Report on green finance reveals multi-billion dollar opportunity for Latin America banking sector

Report on green finance reveals multi-billion dollar opportunity for Latin America banking sector

IFC, a member of the World Bank Group, FELABAN, (Latin American Federation of Banks), and the EcoBusiness Fund presented initial findings of their joint “Green Finance Latin American Report 2017,” and recognized leaders in climate finance throughout Latin America. The report was produced after an extensive regional survey guided by Ernst & Young, with responses from 101 banks in 17 countries (about a quarter of all Latin American banks), as well as 18 regional banking associations.

The report looked at four green business dimensions adopted by banks in their daily activities. Firstly, internal eco-efficiency practices that banks implement within their own organizations and value chains. Secondly, environmental risk management systems and practices to mitigate climate risks. Thirdly, green products and services offered to their clients, and finally an overall strategic commitment to green finance.

The report’s main goal was to review to which extent banks in the region are adhering to these four green dimensions, and to assess what is the level of maturity of the green finance market in Latin America, highlighting the gaps and opportunities. Based on methodology developed by Ernst & Young, several outstanding banks and banking associations were singled out with awards.

The report found that the most popular form of climate support offered by banks was eco-efficiency products, offered by 74% of the 101 participating institutions. Such products include support for programs that promote the efficient use of energy, water and other key resources. Forty-nine percent of the banks offer specific green products and services, including credit products for renewable energy projects, industrial energy efficiency, green buildings, and climate-smart agriculture. Those banks that measure the performance of those portfolios, see a significantly better loan performance of their green portfolios as well as high growth rates. In fact, a third of those banks see year-on-year growth rates above 50%. However, only 46% of banks surveyed have adopted an overall green strategy for their banks, meaning there is still room for growth in this area. Full details of the report will be available later this month.

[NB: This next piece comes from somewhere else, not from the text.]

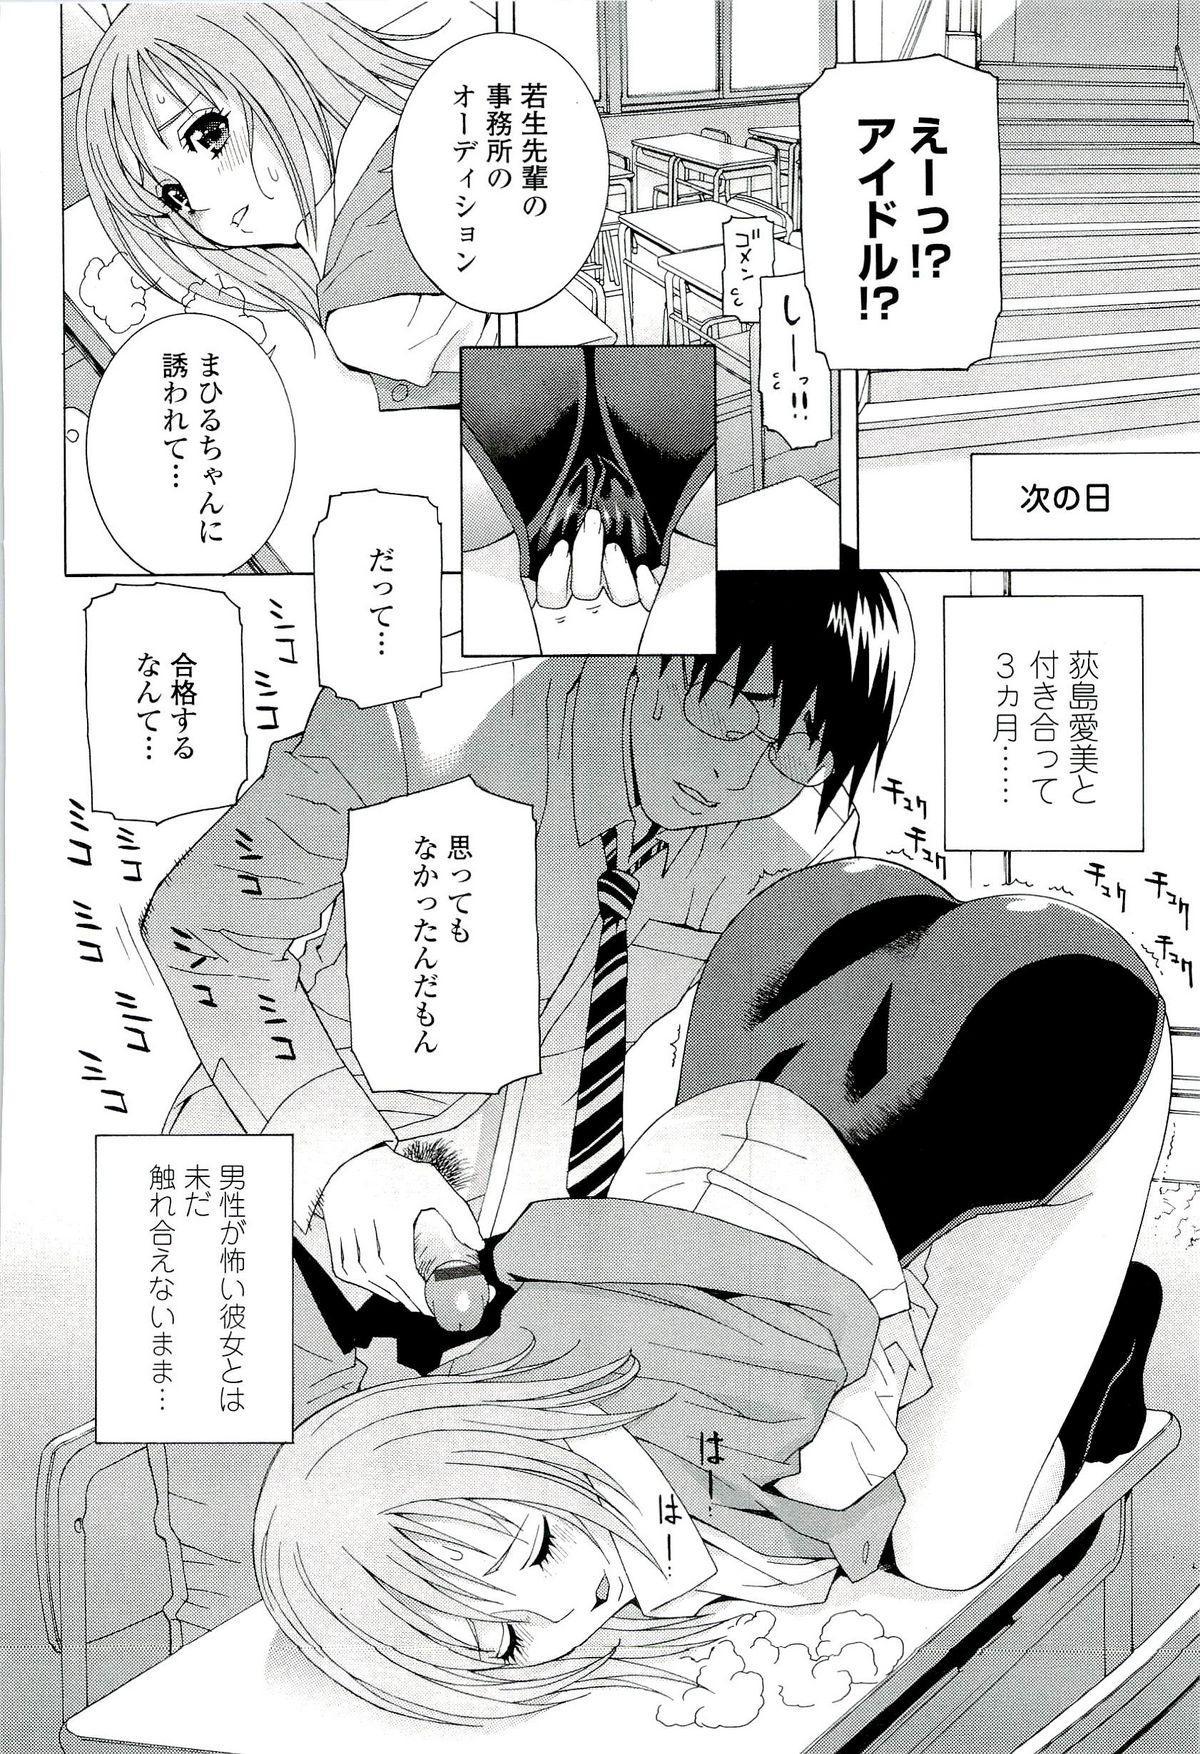 Ane ♡ Mai Love 159

“Latin American commercial banks are sophisticated and have embraced climate finance as a growing business segment. We are happy to recognize their leadership in this field, even as we ask the private sector and banks to step up in financing the US$2.6 trillion investment opportunity that climate change mitigation and adaptation present in Latin America,” said Peer Stein, IFC’s Global Head of Climate Finance in the Financial Institutions Group.

“Sixty-seven percent of our banking associations carry out activities to promote green finance, focusing on environmental risk management and the promotion of green products and services. However, they do not yet integrate specific green objectives into their respective strategies, which shows that we still have a long way to go,” said Giorgio Trettenero Castro, Secretary General of FELABAN.

Sandra Abella, Regional Director eco.business Fund added “We believe that financial institutions in Latin America have a critical role to play when it comes to protecting the most biodiversity regions of the world while promoting responsible financial products and services among more sustainable companies”

The awards, each made of an environmentally friendly material, were handed out at a ceremony at the 51st FELABAN Annual Assembly in Miami that ended yesterday, November 14. This year’s FELABAN Assembly was attended by about 2,000 international bankers from more than 50 countries.